– Нет… Я не сказала бы.
– Мне искренне жаль вашу мать, – медленно произнес Никита. – В доме остались рабы?
– Нет, уже очень поздно. Они ушли ночевать к себе.
– Тогда можно не бояться доносов.
– Я никогда их не боялась! – девушка вспыхнула. – Я не боялась и не боюсь доносов. Лучше погибнуть, чем жить, как дрожащая низкая тварь.
– Погибнуть никогда не поздно. Это слишком просто, чтобы действительно быть выходом из создавшегося положения.
Они внимательно, изучающее смотрели друг на друга. Голубые глаза Каролины горели, как у скандинавской Валькирии. Она настороженно смотрела на Никиту, будто пытаясь выяснить, кто перед ней – друг или враг. И не находила ответа.

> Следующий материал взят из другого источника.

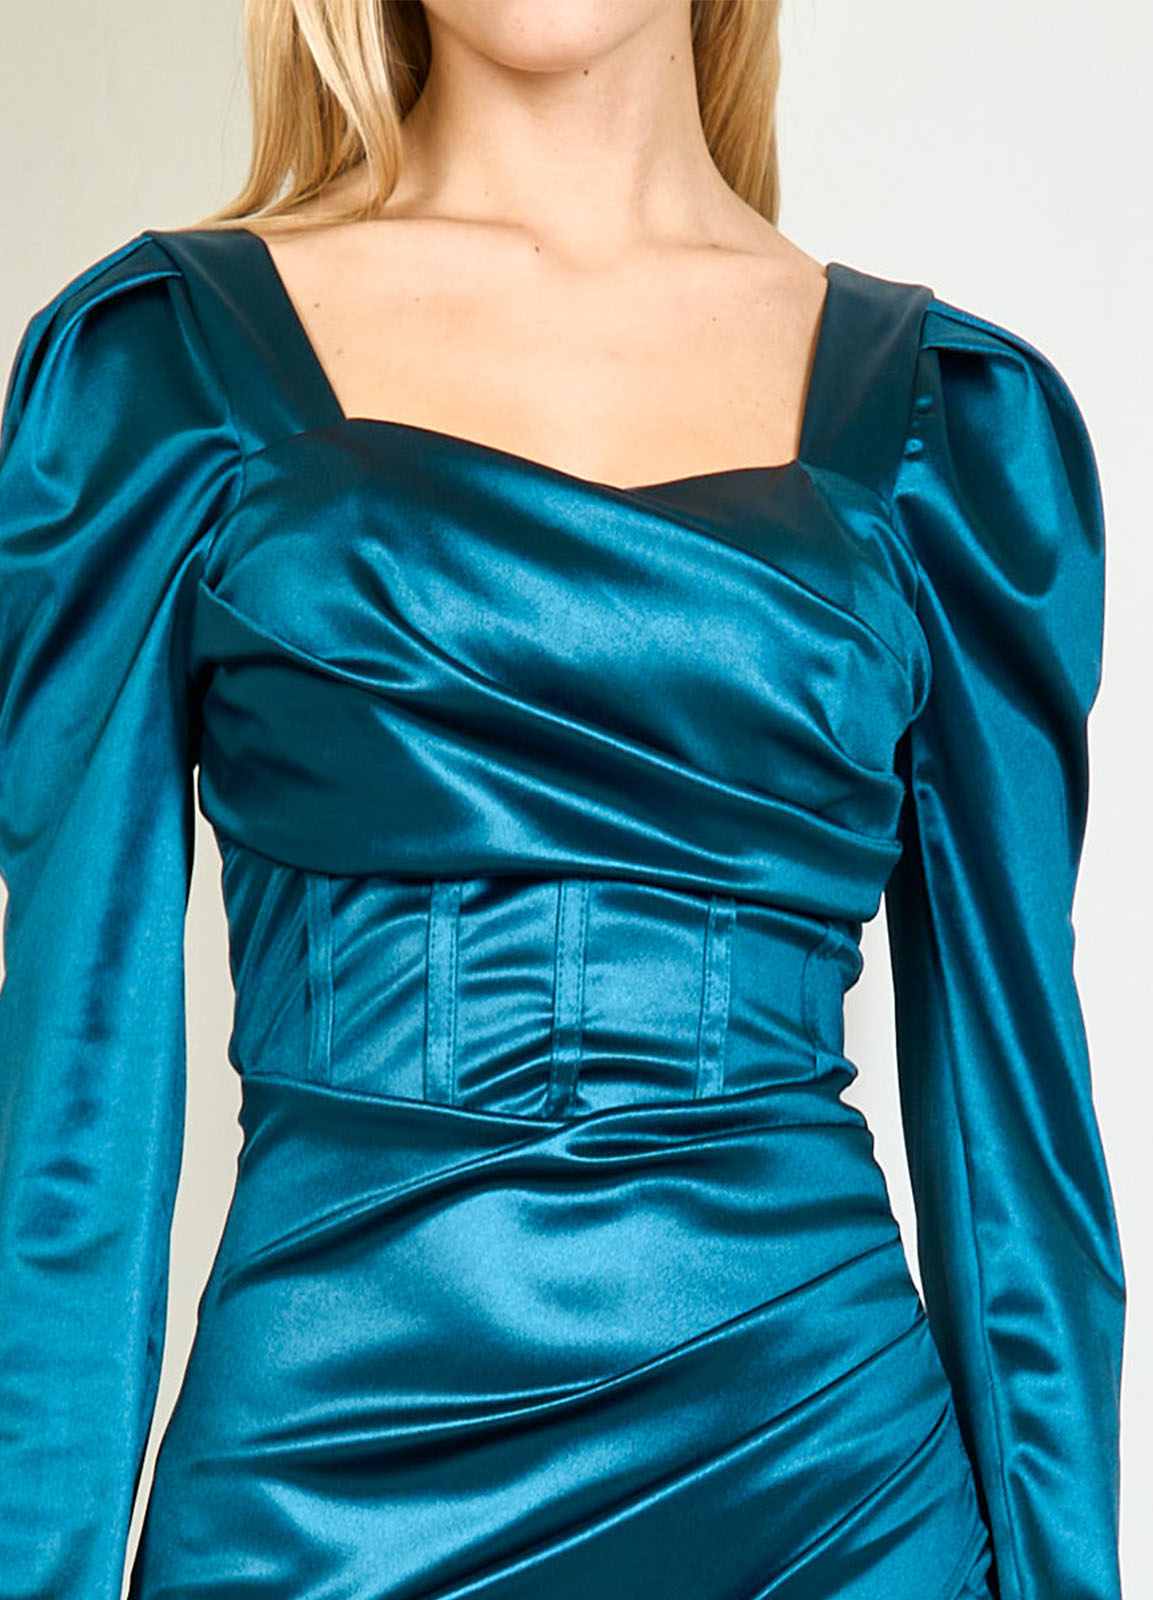 Φόρεμα Midi Σατέν Teal

– Вы похожи в этом на моего папу. Он тоже прячется за трусливыми «мудрыми мыслями». А я так не могу. Жить в постоянном страхе за свою жалкую жизнь, которую подпитывают сотни смертей по всему миру.
– Отец любит вас. Легко быть безрассудно смелым, когда в твоем распоряжении только твоя собственная жизнь, а не жизнь тех, кого любишь.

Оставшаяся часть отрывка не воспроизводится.